Textile art Berburu secara keseluruhan dibuat secara handmade dengan sulaman dan dijahit tangan. Materialnya terdiri dari, manik-manik, benang, tekstil seperti brokat dan batik Jambi.  Textile Art ini merupakan satu dari ke-12 karya Dina yang dipamerkan dalam tugas akhir Universitas Negeri Semarang Jurusan Seni Rupa beberapa waktu lalu. Dalam proses karya Berburu ini pembuatannya  terinspirasi dari  sistem kegiatan berburu Orang Rimba. Menurutnya, mereka berburu untuk mempertahankan hidup. Sayangnya hutan yang ada di Jambi makin lama makin sedikit karena dialihfungsikan menjadi perkebunan sawit yang kemudian menyebabkan Orang Rimba kehilangan tempat untuk berburu.

Banyak pengalaman yang ia dapatkan selama mengikuti kegiatan PBSR ini. Selain bertemu dengan Gubernur Ambon, wakil Kemendikbud dan galeri nasional Jakarta, Dina juga bertemu dengan sesama seniman perwakilan dari tiap-tiap provinsi. Melalui ajang ini ia dapat bertukar pikiran dan mendapatkan masukan untuk karyanya. Sebab, banyak seniman yang mengapresiasi karyanya karena textile art Berburu menggunakan teknik yang jarang digunakan dalam karya seni rupa. Dina pun mendapat masukan agar lebih mengembangkan teknik dalam berkarya melalui jalur textile art. Demikian pula halnya dengan para pengunjung, apresiasi mereka terhadap karyanya sangat bagus. Kebanyakan pengunjung tidak menyangka jika sulaman textile art dapat dijadikan sebagai media seni. Lebih penting dari itu, melalui karya ini pengunjung pun bisa lebih mengenal kehidupan Orang Rimba  yang ada di Jambi.

kehidupan Orang Rimba
Kehidupan Orang Rimba

Selama kegiatan ini Dina juga sempat bertemu dengan pegawai serta pejabat dari Taman Budaya Jambi. Mereka tidak menyangka jika Dina membawa nama Jambi melalui jalur textile art, karena Dina selama ini bermukim di Semarang untuk kepentingan studi. Menurutnya, perwakilan dari Taman Budaya Jambi tersebut mengajaknya pameran di Jambi jika ia pulang ke Jambi nanti.
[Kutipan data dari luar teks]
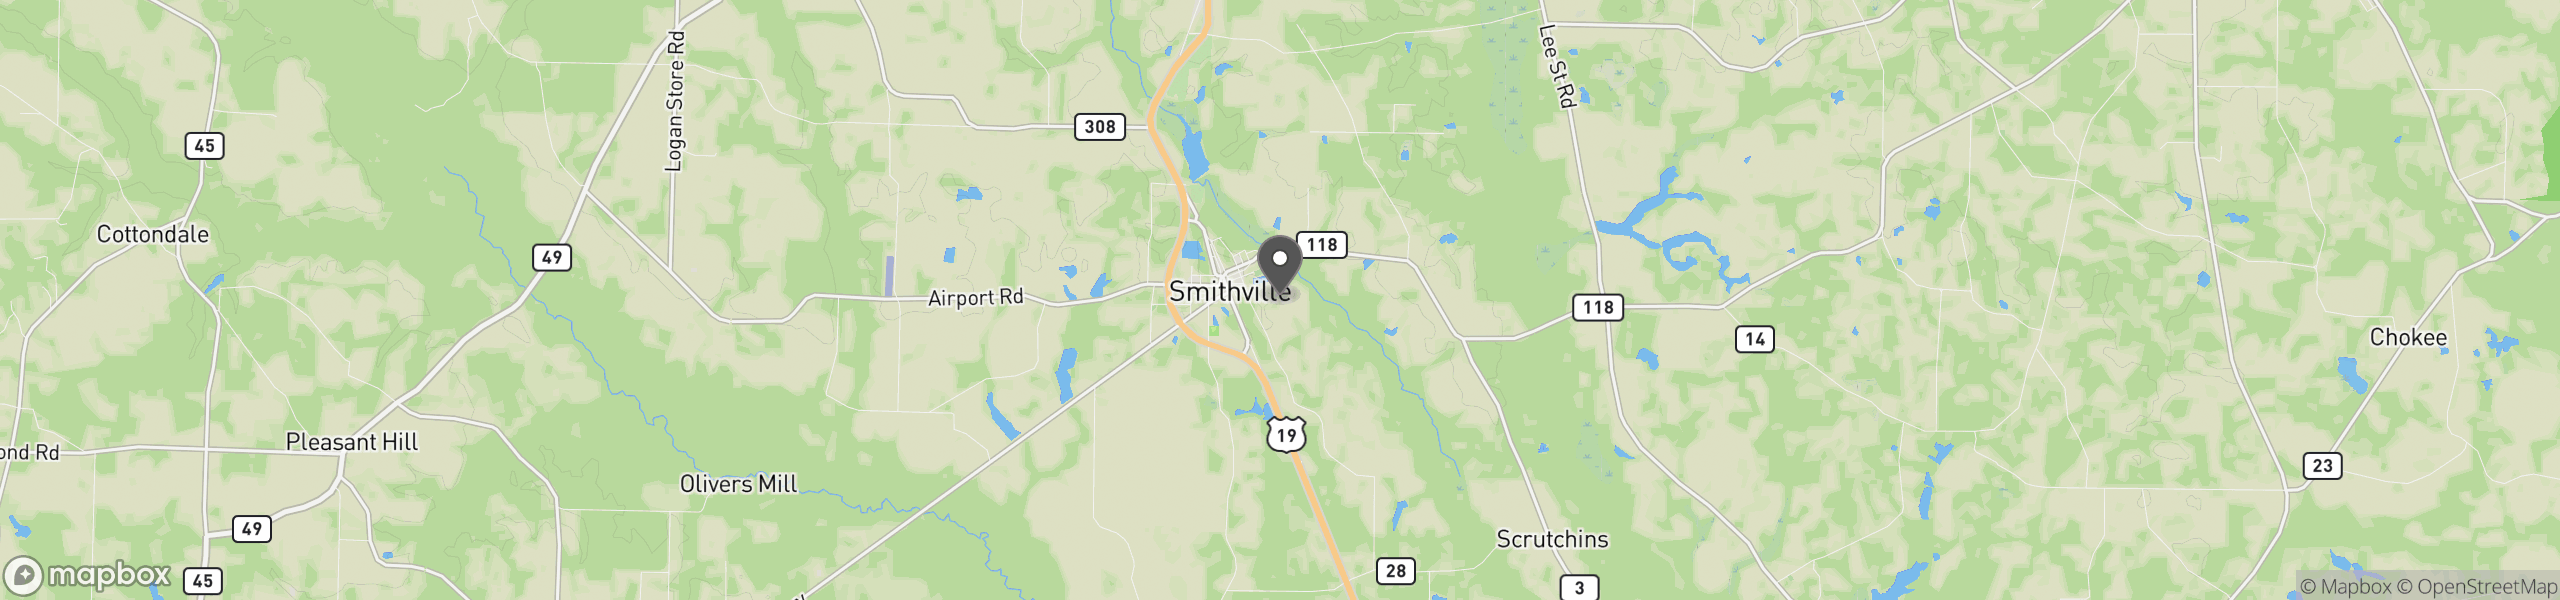 Smithville, GA 31787

Ajakan ini dimaksudkan untuk mengenalkan budaya Jambi dan teknik berkarya kontemporer.

Senada dengan tema Huele pada PBSR ini, Dina memiliki kesan dan pesan bahwa dalam setiap pekerjaan punya risiko. Namun, semua aktivitas dan pekerjaan harus dijalani dengan semangat, senang, dan bertanggungjawab. Tidak semata karena hobi atau passion saja. Demikian juga bagi yang memiliki passion bekerja menjadi Aparatul Sipil Negara (ASN), pekerja kantoran, atau bidang pekerjaan lainnya, semua harus dijalani dengan semangat, bahagia, dan bertanggungjawab. “Do what you love and love what you do.”

Itu pesan pamungkasnya kepada Sahabat Puan. Sebab, pekerjaan itu bermacam-macam dan berbeda-beda, senang atau tidak senang tergantung pribadi yang akan menjalaninya.